** Data shown **
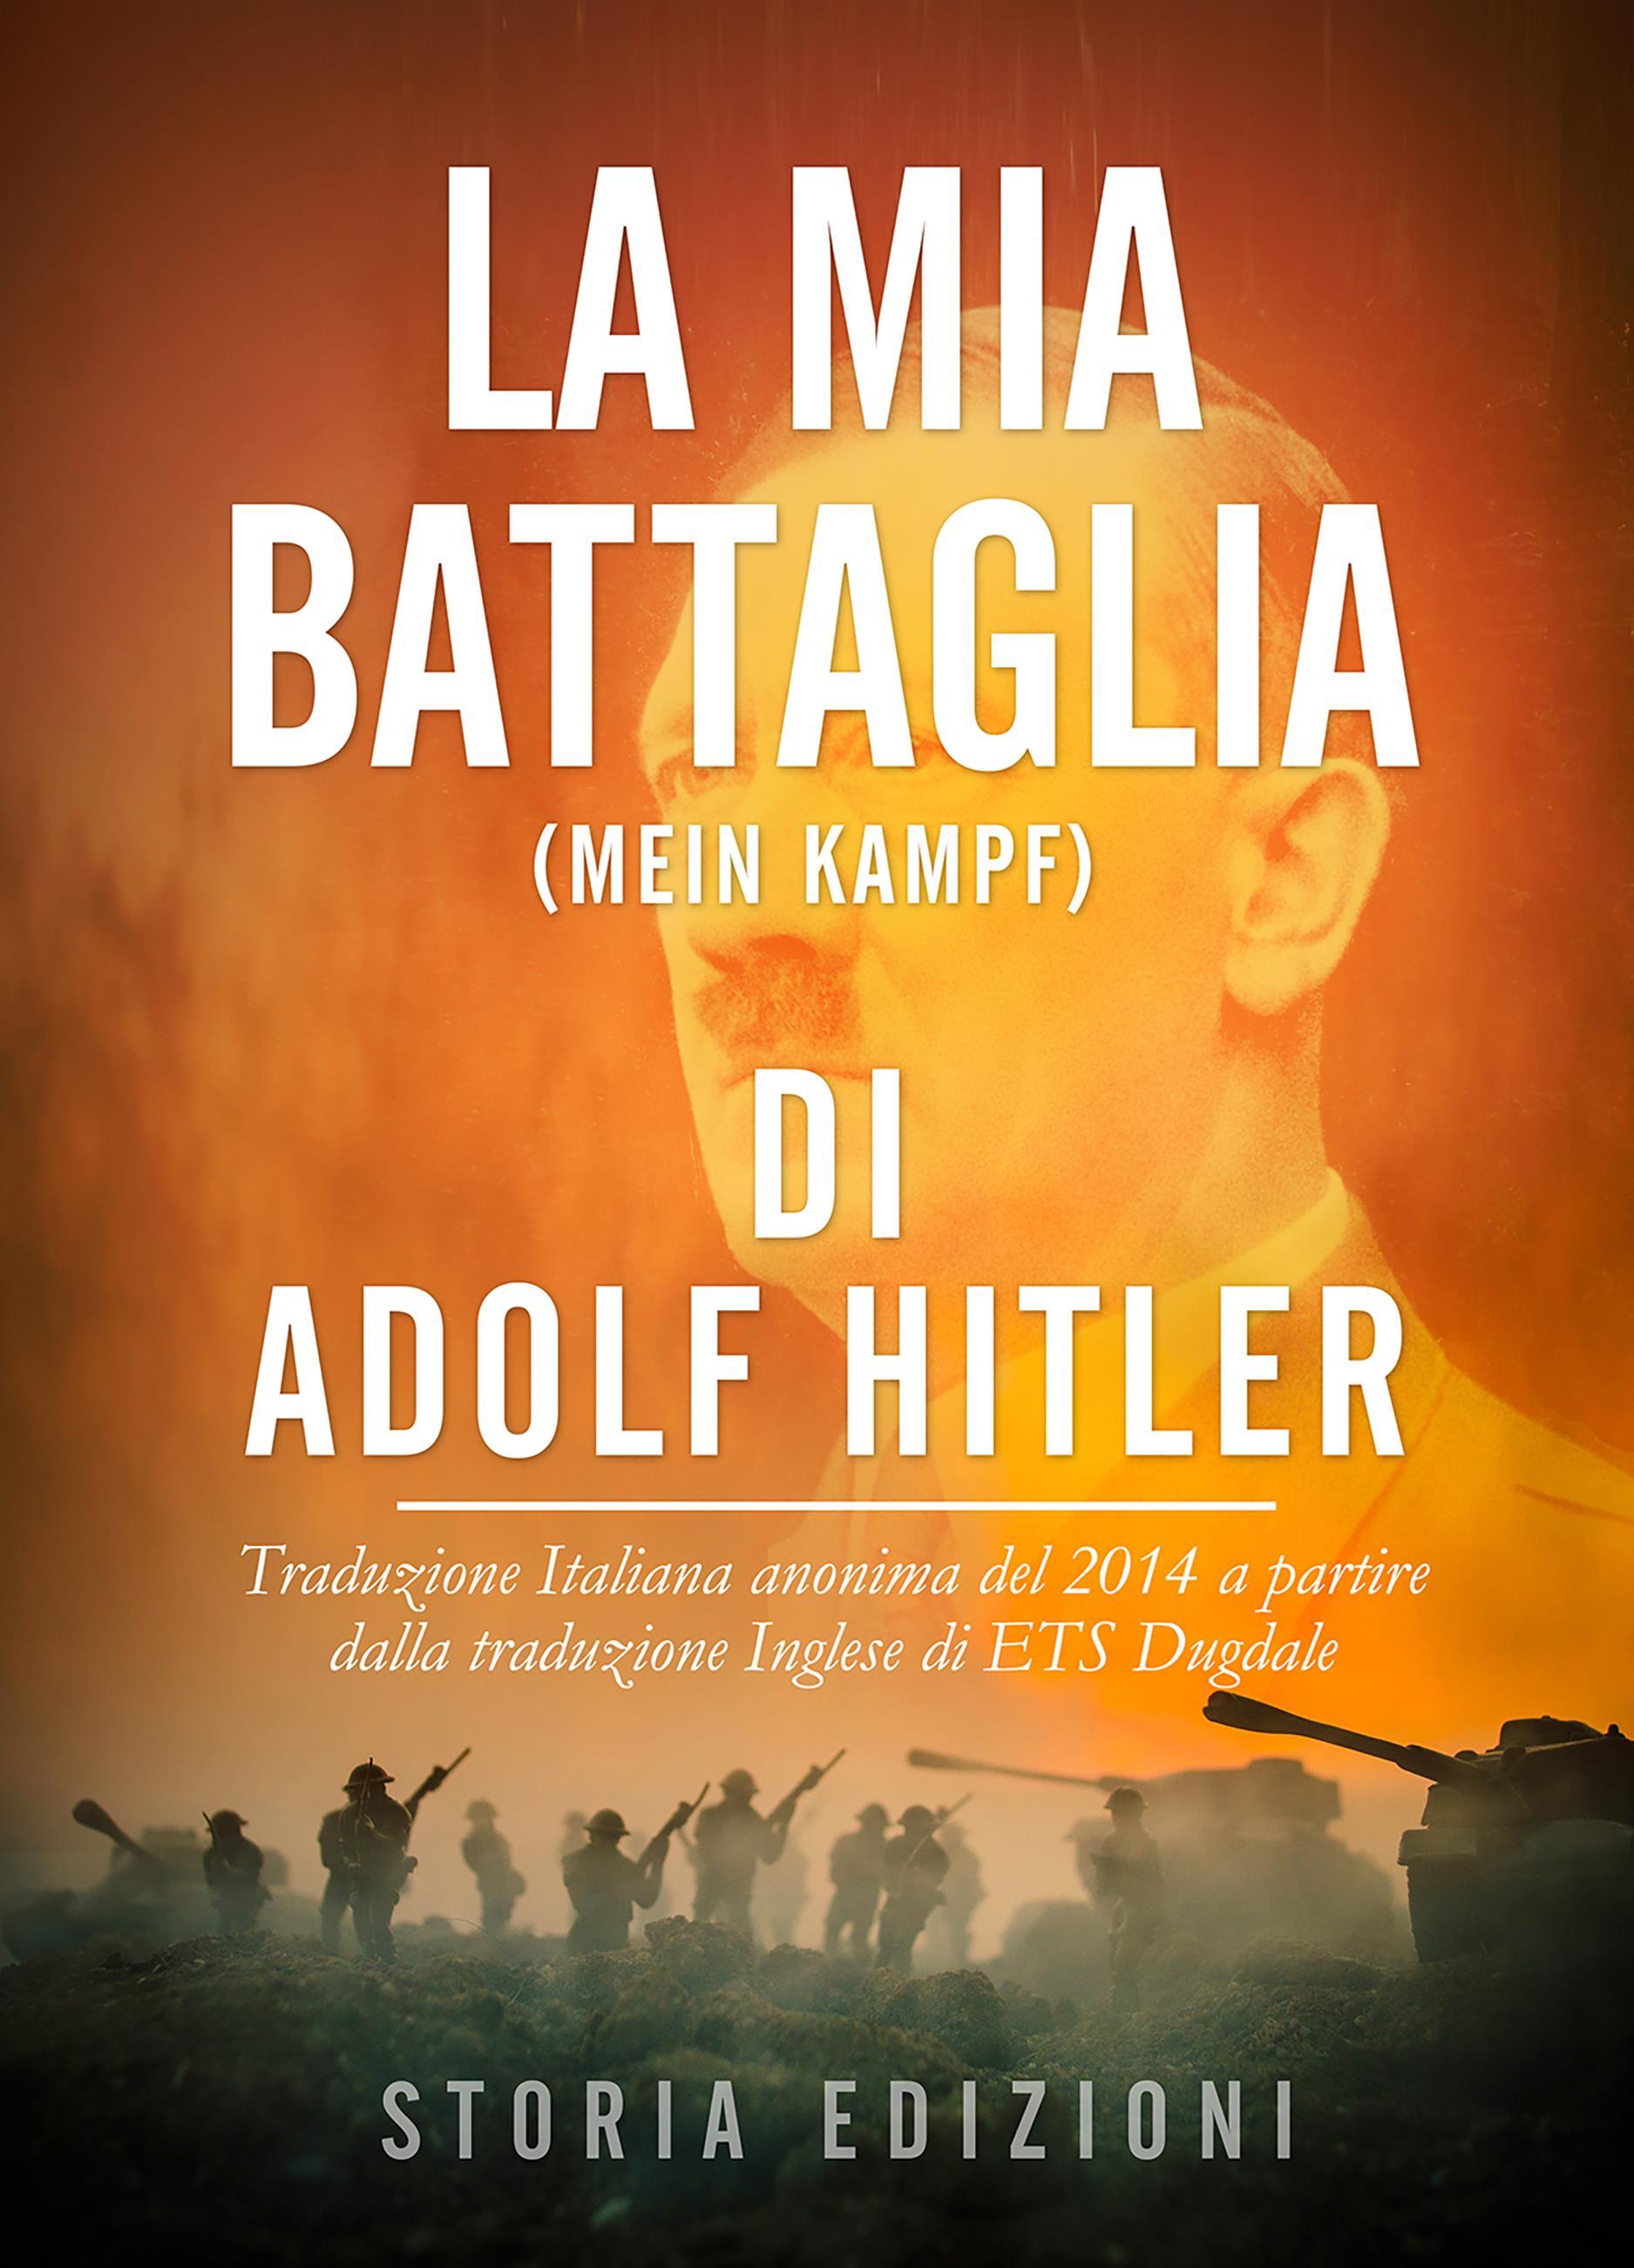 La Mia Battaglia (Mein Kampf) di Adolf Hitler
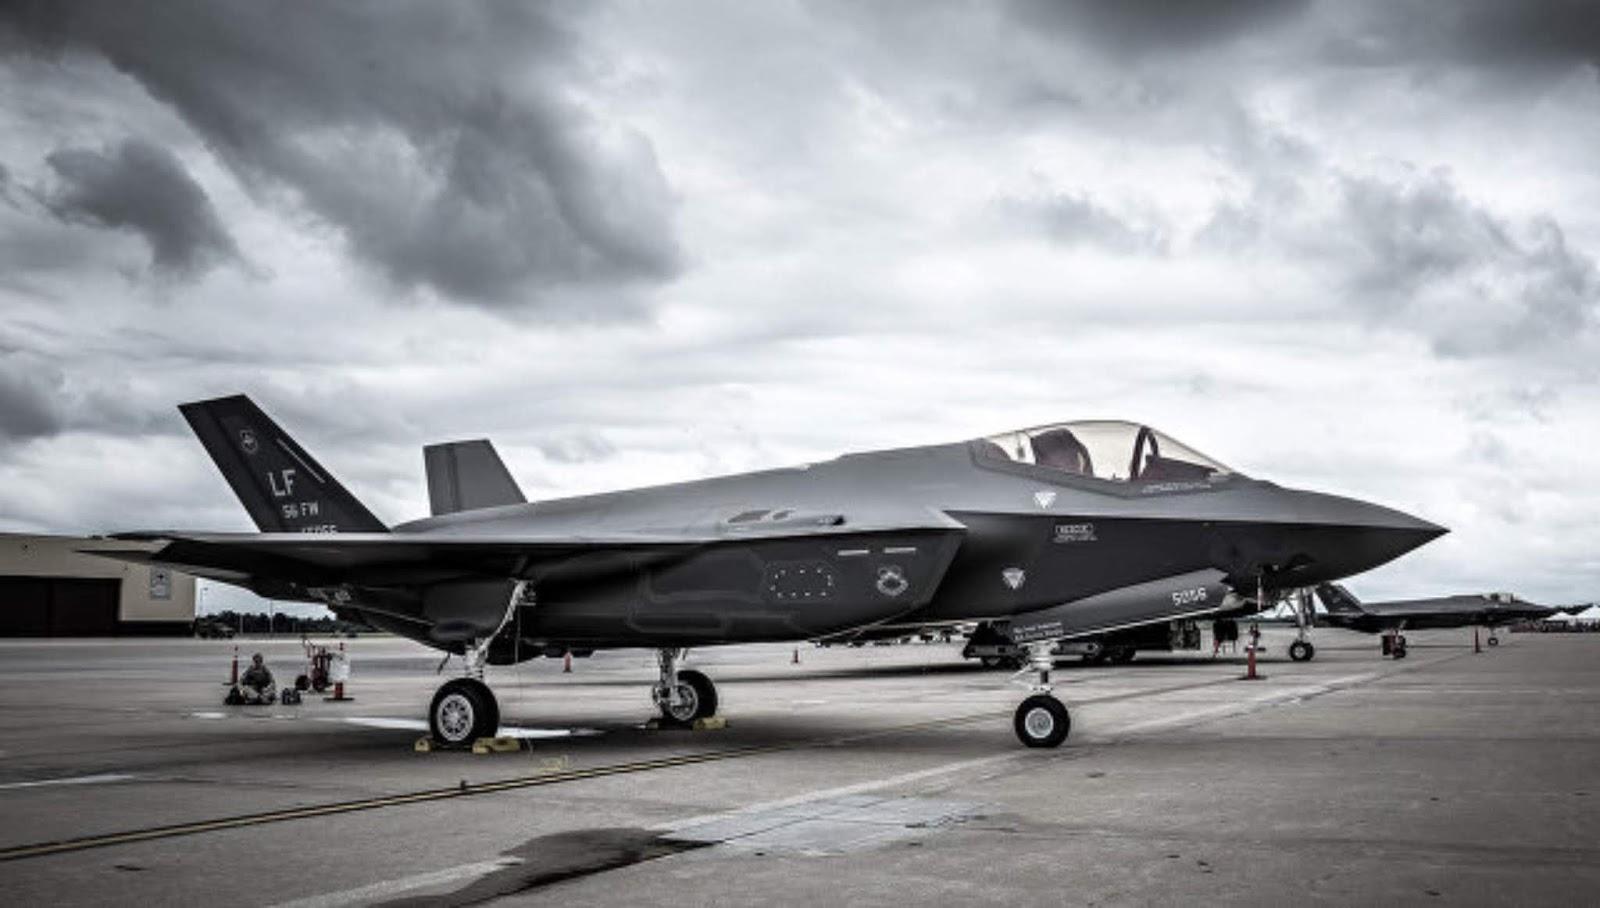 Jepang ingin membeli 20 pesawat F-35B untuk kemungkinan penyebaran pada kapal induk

==

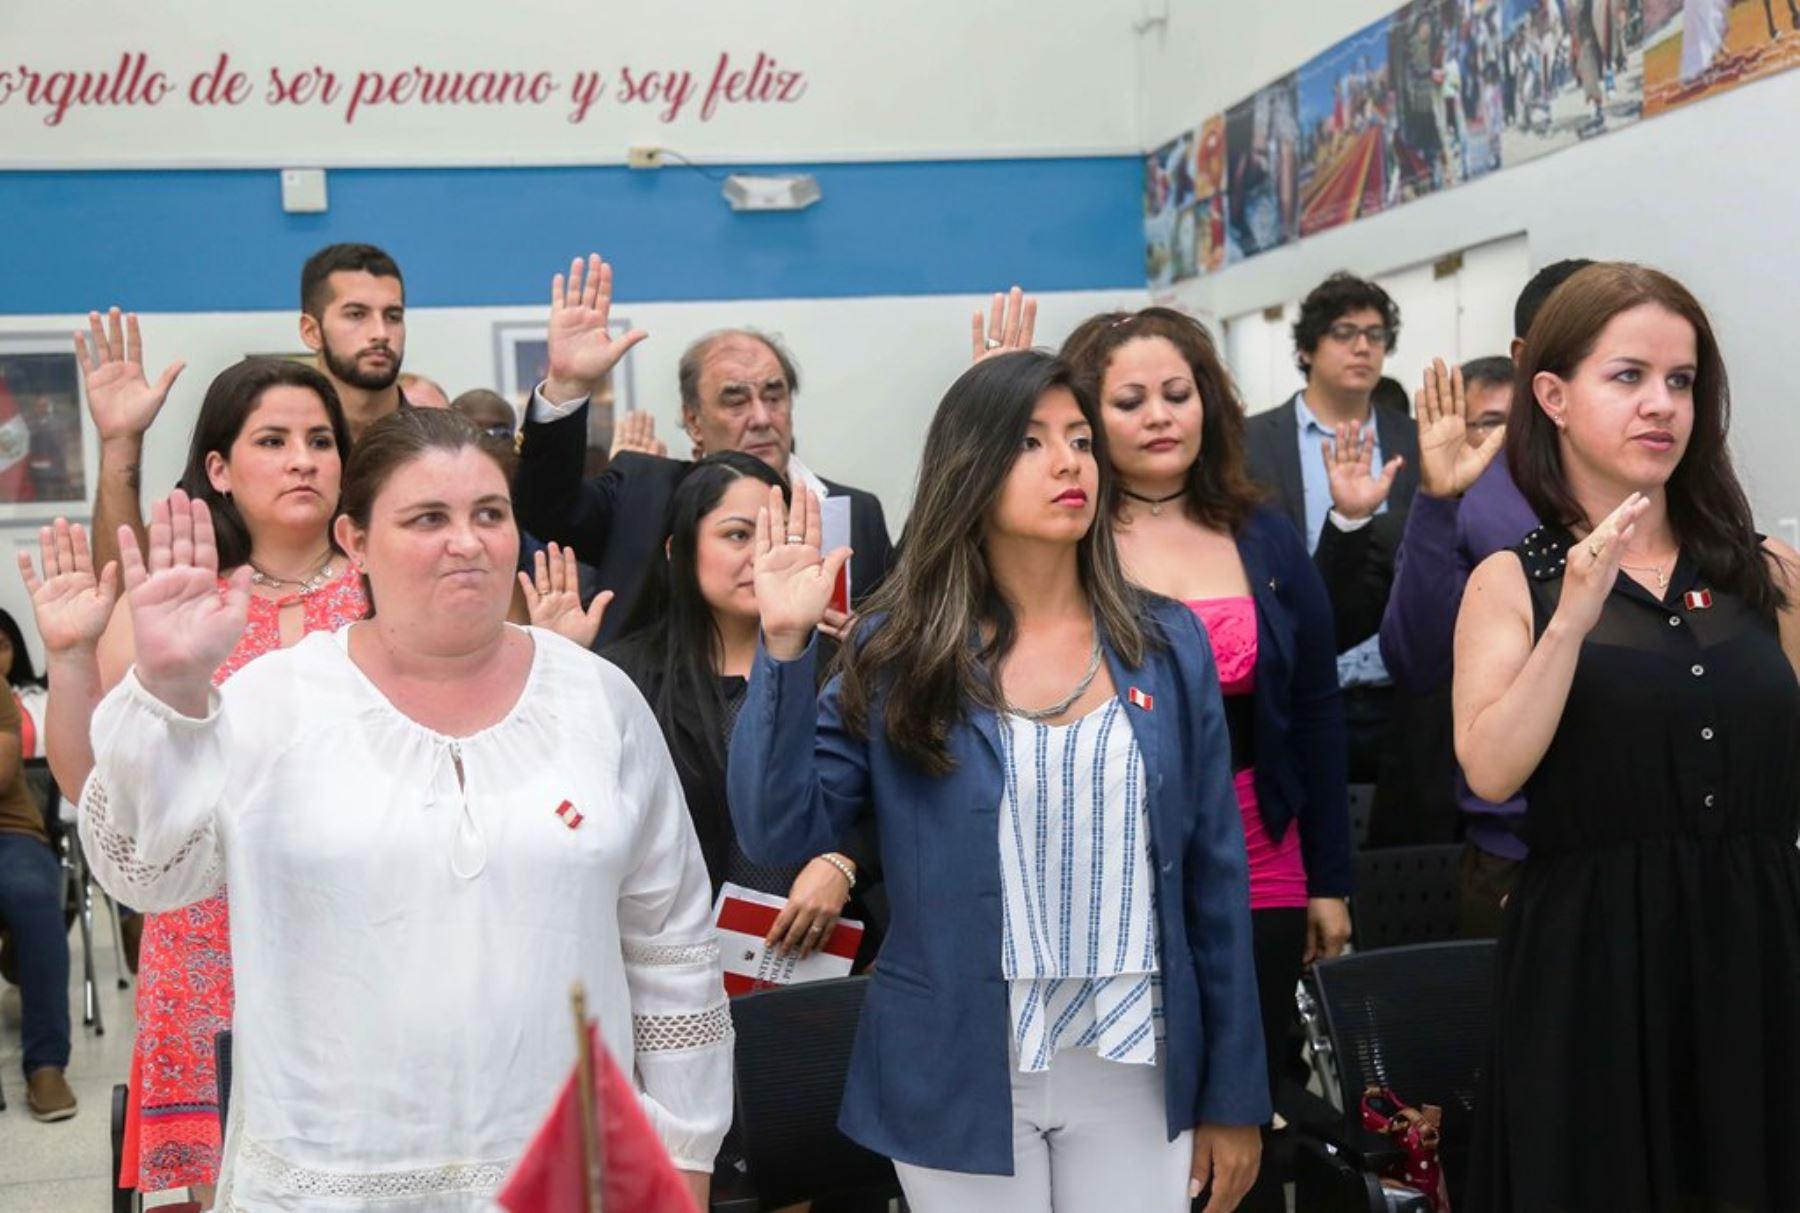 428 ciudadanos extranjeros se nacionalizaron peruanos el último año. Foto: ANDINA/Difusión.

...

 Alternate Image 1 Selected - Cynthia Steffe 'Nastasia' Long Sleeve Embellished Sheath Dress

** Assignment **
Pictures in the material above should be skipped; print exactly the lines from the one with "La Mia Battaglia" through the one with "Jepang ingin membeli".

** Your solution **
 La Mia Battaglia (Mein Kampf) di Adolf Hitler
 Jepang ingin membeli 20 pesawat F-35B untuk kemungkinan penyebaran pada kapal induk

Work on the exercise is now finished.